Don’t let batch drive
Henry Salomons with Dow believes the standard needs to be focused on “degradation control, exception handling, which is not handled well in other standards,” he said. “It needs to integrate much of the information from ANSI/ISA-18.2-2009, Management of Alarm Systems for the Process Industries. It has to work with that standard and be cohesive. I know batch well, and I’d like to see that batch doesn’t drive this standard. Batch has a lot to learn from what this standard could provide, especially in the area of degradation control and exception handling.”
“Most of my production experience has been with continuous processes,” said Lynn Craig, a pioneer of ISA88 and ISA95. “ISA88 was a brand new approach with trying to standardize something,” he said. “Yes, we need to make the standard more inclusive. We don’t want to be a batch or continuous standard. We want to be a production standard. We all know how to deal with a continuous state … in batch processes. The advantages in exception handling, in safety, in being able to incorporate procedures in continuous process are enormous.”

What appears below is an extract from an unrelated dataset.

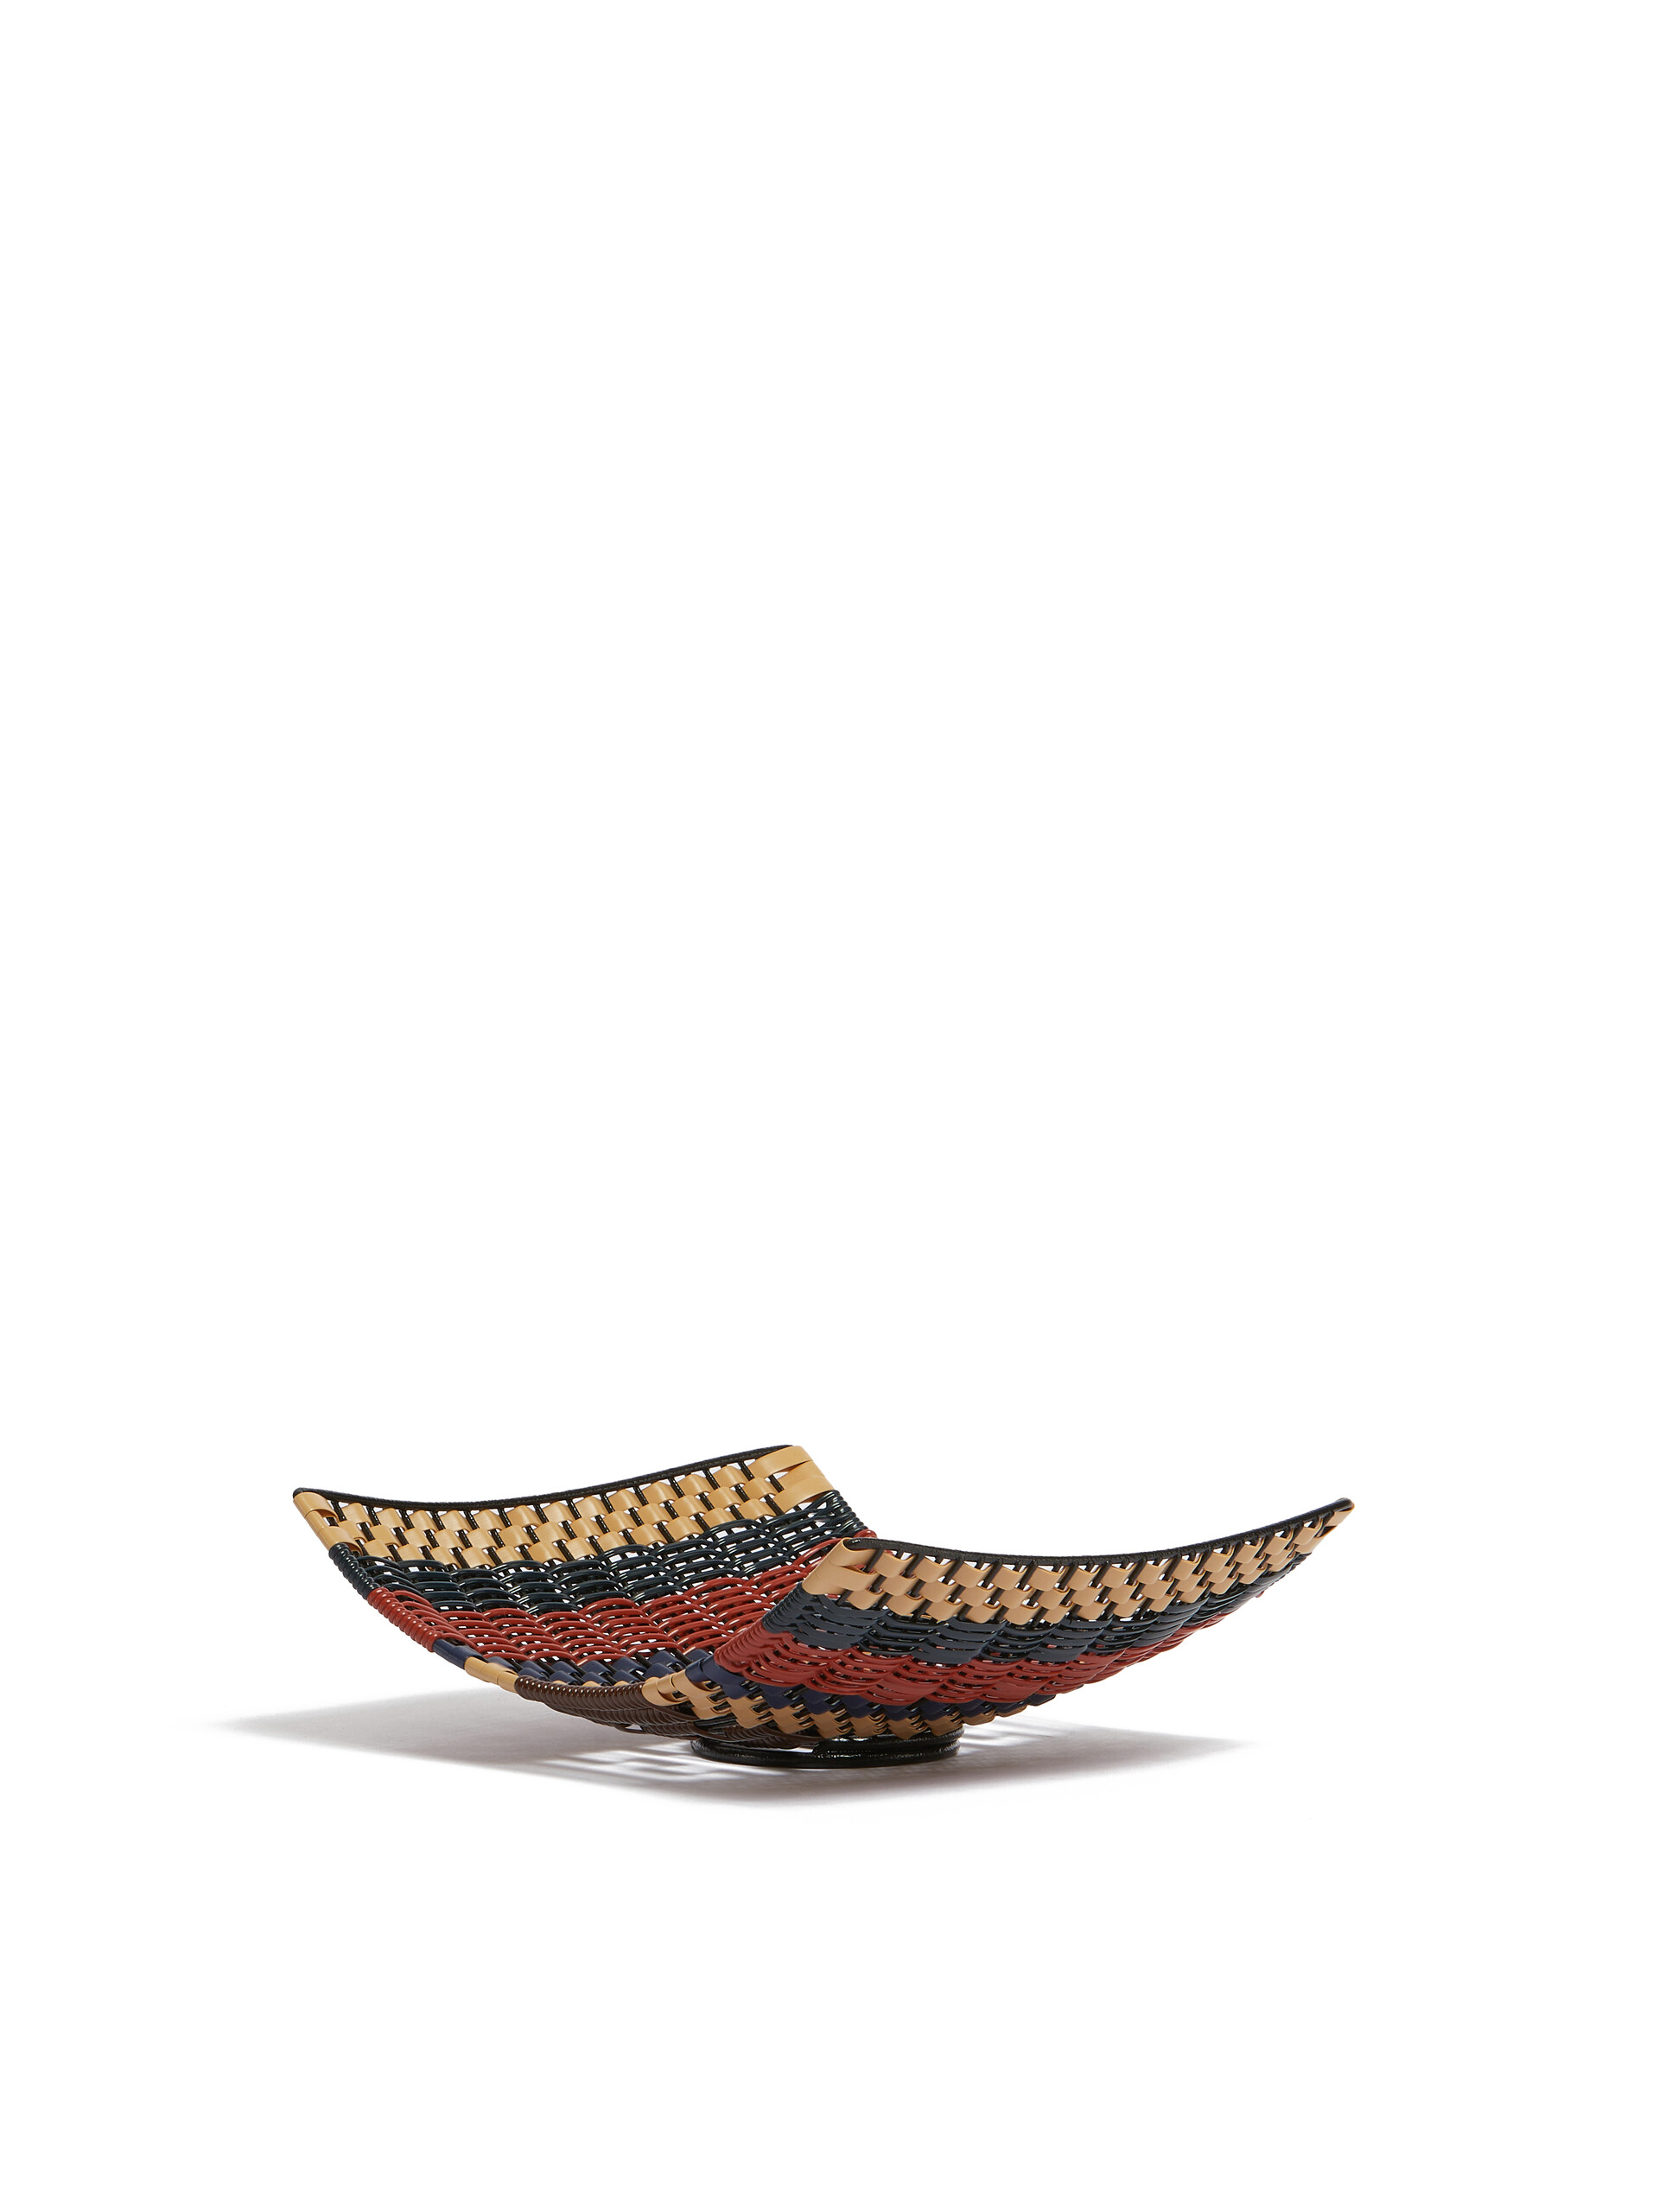 Blue and red Marni Market woven curved tray - Furniture - Image 2

Randy Dwiggins of NNE Pharmaplan has worked for chemical companies and consulting companies—in batch and continuous operations, but with greater emphasis on batch. As chair of the ISA88 committee, one of the main things he would like to see is leveraging the work being done with what is been done in other groups, such as ISA88 and ISA95. He wants to make sure there is a “clear understanding of what the group is about and where it’s headed. There seems to be a great diversity of ideas about what this group is supposed to entail—expectations that need to be clarified before it can make significant progress,” he said. “We’ve heard a lot from batch people and not much from continuous people, particularly end users, which is what this is supposed to be about.”
Near the end of the two-day meeting, Wilkins offered a synopsis of conversations that included much of what the group would focus on during the development of the standard. “We’ll focus on continuous processes as a start,” Wilkins said, “but we won’t exclude future applications to batch or discrete, such as storage, distribution, waste treatment, transportation centers. The proposal is also to focus on [Safety Instrumented Systems, or] SIS, and basic process control systems as well as automated procedures, which may have manual and semi-automated components,” he said. “Testing logic with simulation would be a candidate for inclusion as a recommended practice.”